4
votes

Forgive me if this is a stupid question, but I'm fairly new at mocking, and am trying to get my head around it.

I have some unit tests (using the built-in Visual Studio 2010 Professional testing features), which use a stub that is needed by a method. I created a stub, and set the default return values for a couple of properties and a method, and all works well. I have a static class that sets up the stub, and this is used in the TestInitialize method to set up the stub...

public static AppointmentReminderProviderInterface GetMockProvider() {
  AppointmentReminderProviderInterface provider = MockRepository.GenerateStub<AppointmentReminderProviderInterface>();
  provider.Stub(p => p.ContactName).Return(MockProviderContactName);
  provider.Stub(p => p.ContactEmail).Return(MockProviderContactEmail);
  return provider;
}

Note that MockProviderContactName and MockProviderContactEmail are local string properties that contain default data for the provider. The unit tsts that check to see if things work as expeced with the default data all pass fine.

However, I now want to test what happens when one of these properties contains duff data. I thought I could just set this on the stub, but it isn't working. The test method contains the following lines...

_provider.Stub(p => p.ContactEmail).Return("invalid");
Debug.WriteLine("Provider email: <" + _provider.ContactEmail + ">");

The Debug.WriteLine() shows me that, despite the fact that I have set the ContactEmail property to return "invalid" it still returns the default email address. This causes my test to fail, as I'm expecting it to throw an exception, and it doesn't.

Anyone any idea why I can't change the return value of this property?

Thanks for any help.

2
I've never used Rhino Mocks but in other mocking frameworks I've used when you set a return value more than once, as in your case, the first value gets returned in the first method/property call, and the second value gets returned the second time you access that member (etc., etc. Also, the last value set is usually returned in further subsequent calls).Allon Guralnek
Hi Allon, thanks for the reply. If your suggestion were correct, then the Debug.WriteLine call I showed should have output the "invalid" value, and then the test method itself should have been given the original value. However, I always seem to get the default value, irrespective of what I set by calling Stub() again. Thanks anyway.Avrohom Yisroel
Redesign your tests so that you don't need to change stub return value during testing.
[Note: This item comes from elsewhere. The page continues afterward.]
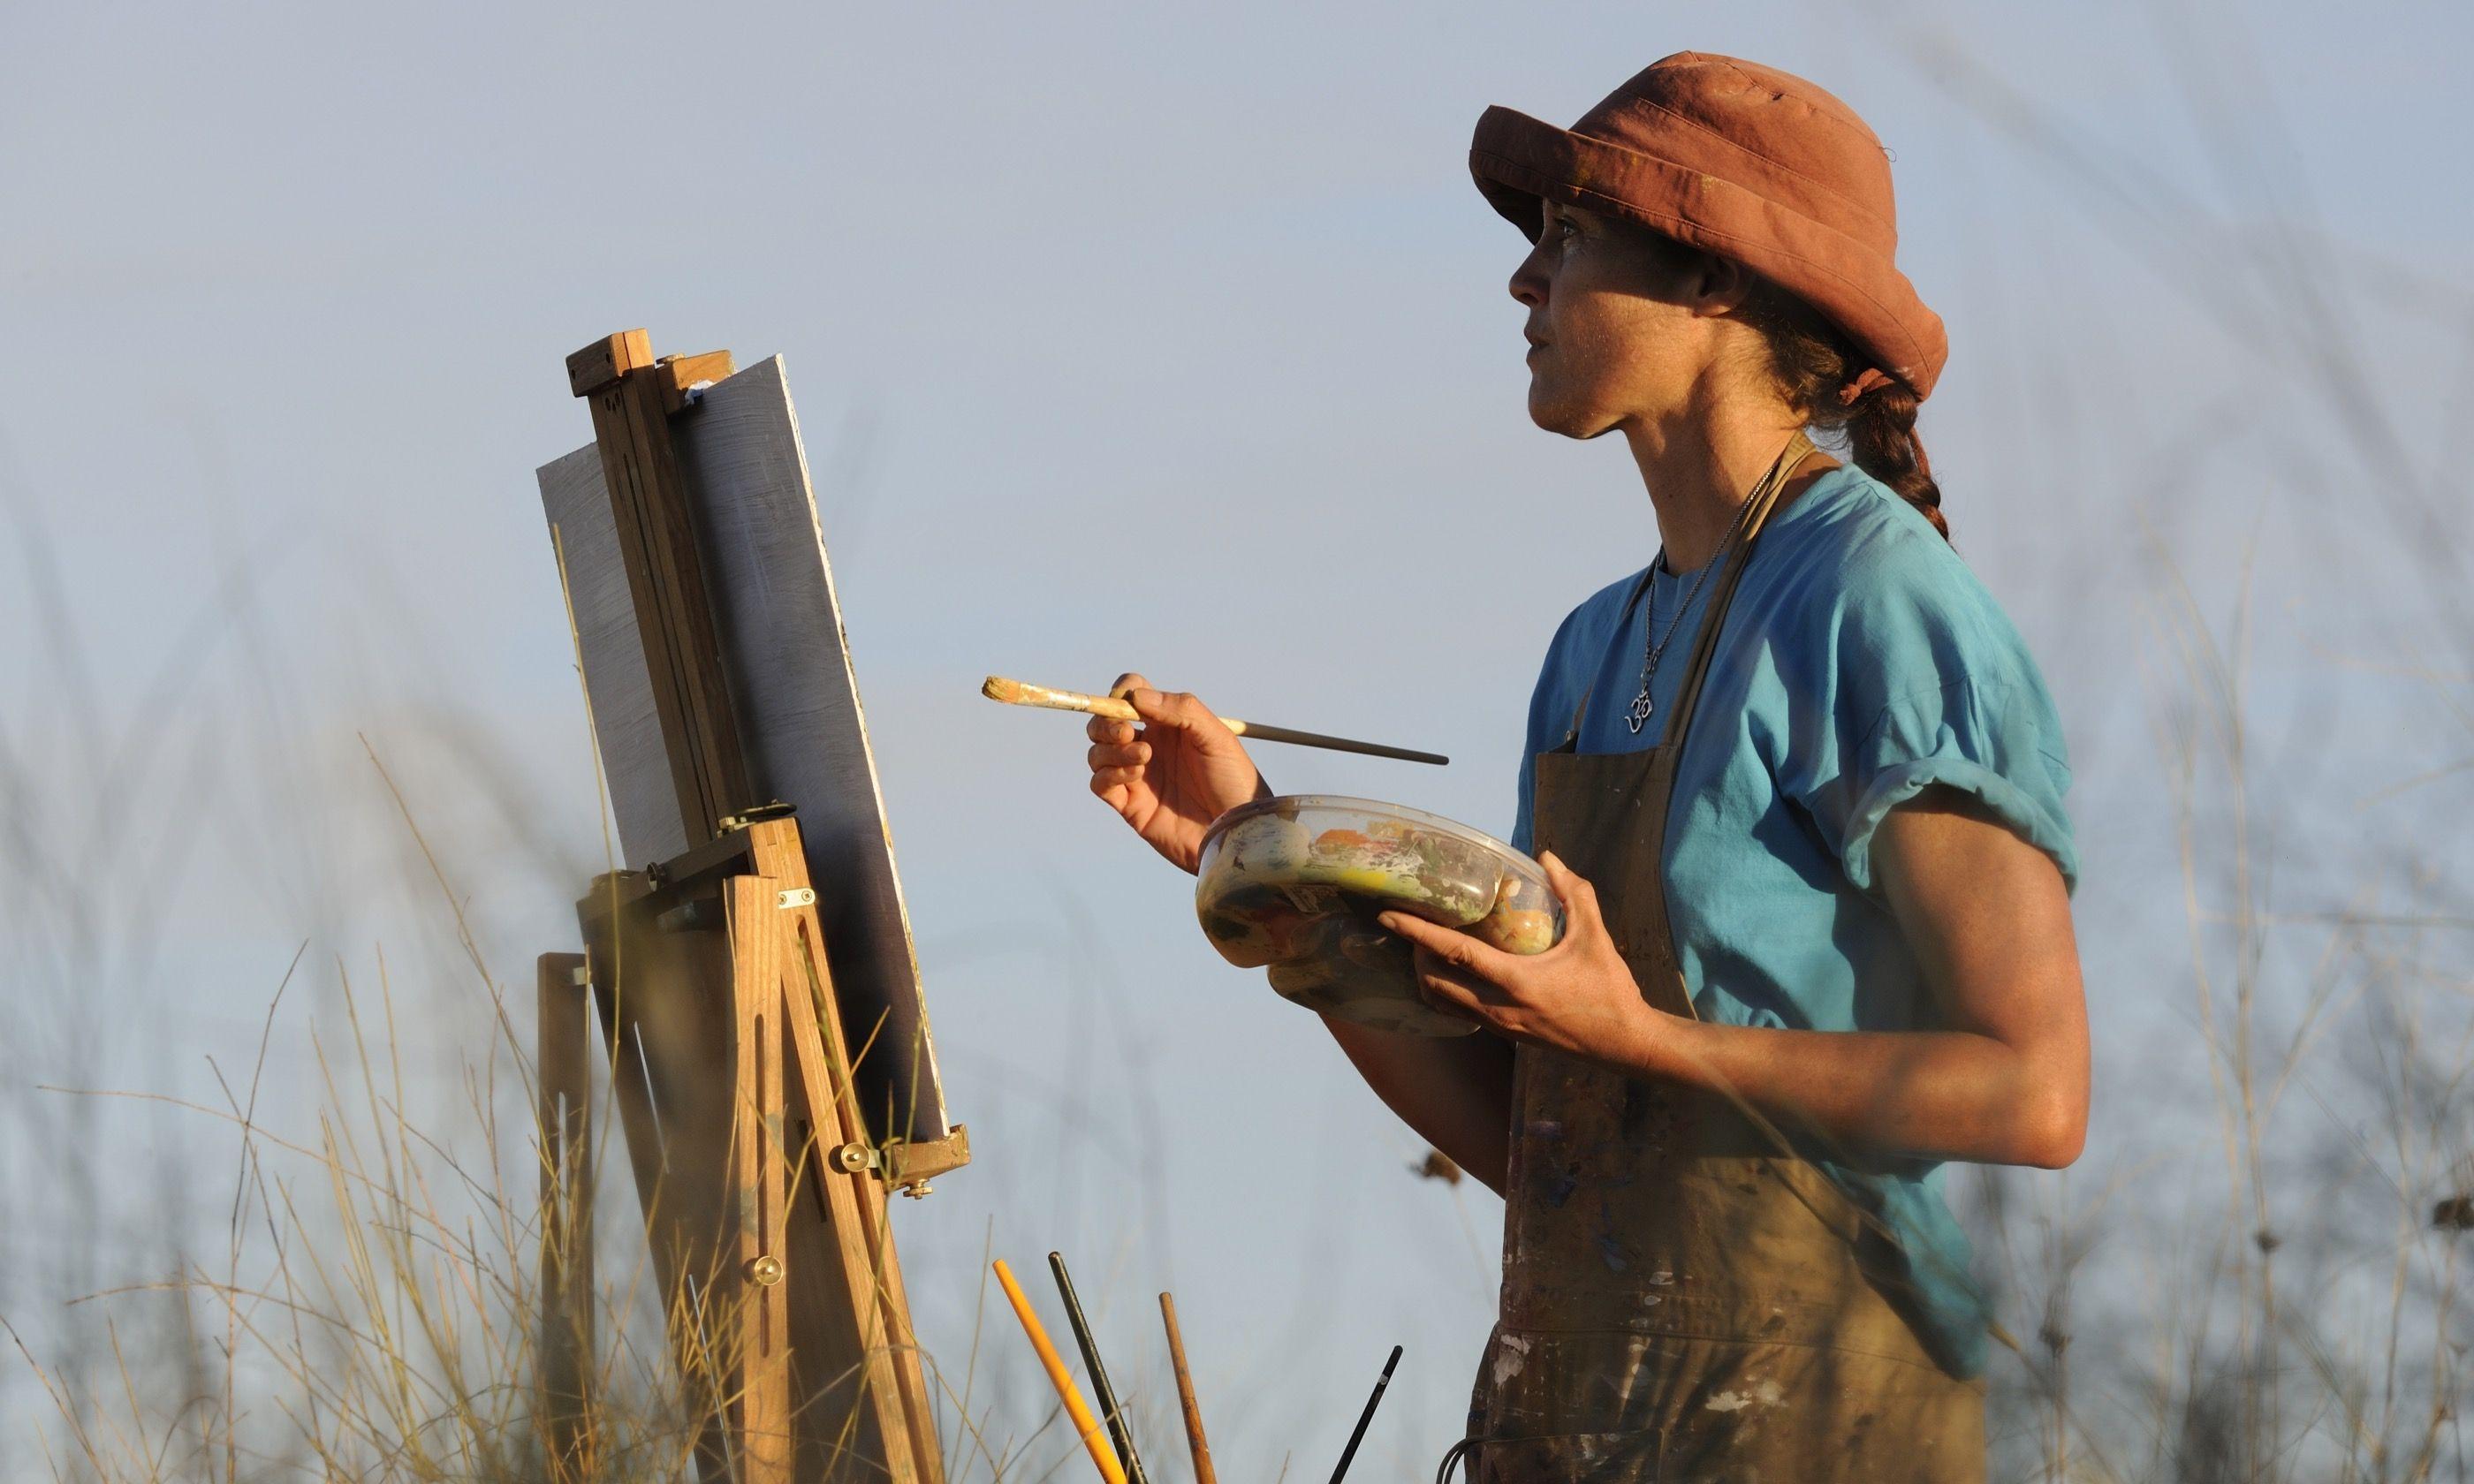 Painting a landscape (Shutterstock.com)

You have to define return value only once.Alexander Stepaniuk

2 Answers

5
votes

As a tricky but working solution I'd suggest to use Do handler here. It allows to implement some logic for stubbed method/property.

See example:

var providerContactEmail = "Email1";

provider
    .Stub(p => p.ContactEmail)
    .Do((Func<string>)(() => providerContactEmail));
// here provider.ContactEmail returns "Email1"

providerContactEmail = "Email2";
// now provider.ContactEmail returns "Email2"

But in my opinion it is much better if the solution can be found which allows to don't change return value in the middle of test. :)

1
votes

Try changing

_provider.Stub(p => p.ContactEmail).Return("invalid");

To

_provider.ContactEmail = "invalid";

Assuming ContactEmail has a setter, this should work. If this doesn't resolve your issue, I'd follow Alexander Stepaniuk's advice and refactor your test so that you're not adding multiple behaviors for the same stub; I think that has something to do with your issue.